Beneath this line are the data; copy exactly the part of them that opens with the line containing "Das Akropolismuseum" and closes with the line containing "Id e tendance", and only that part.

**Entries provided:**
"""

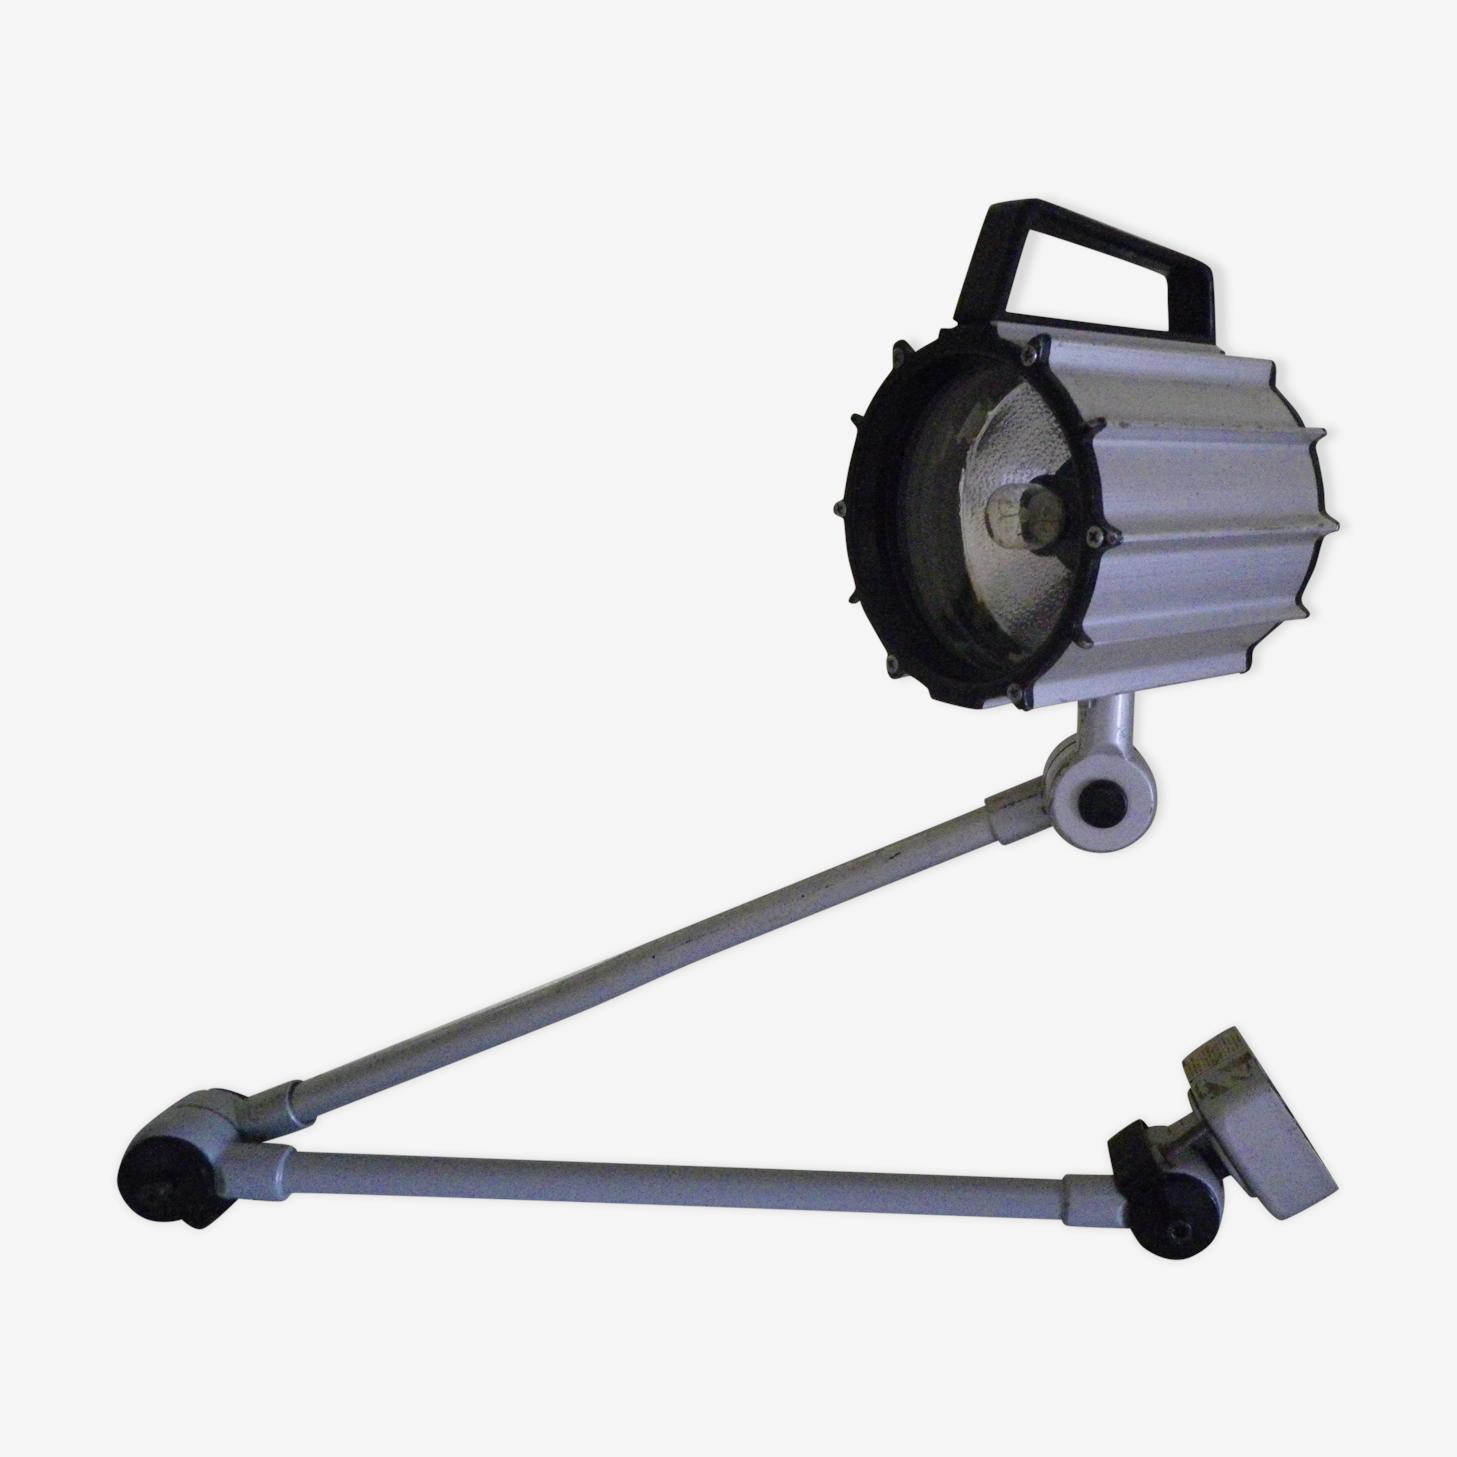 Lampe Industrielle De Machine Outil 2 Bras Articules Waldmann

"""
"""

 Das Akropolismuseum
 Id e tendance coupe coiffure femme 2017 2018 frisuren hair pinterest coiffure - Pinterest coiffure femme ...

"""

**Exercise result:**
 Das Akropolismuseum
 Id e tendance coupe coiffure femme 2017 2018 frisuren hair pinterest coiffure - Pinterest coiffure femme ...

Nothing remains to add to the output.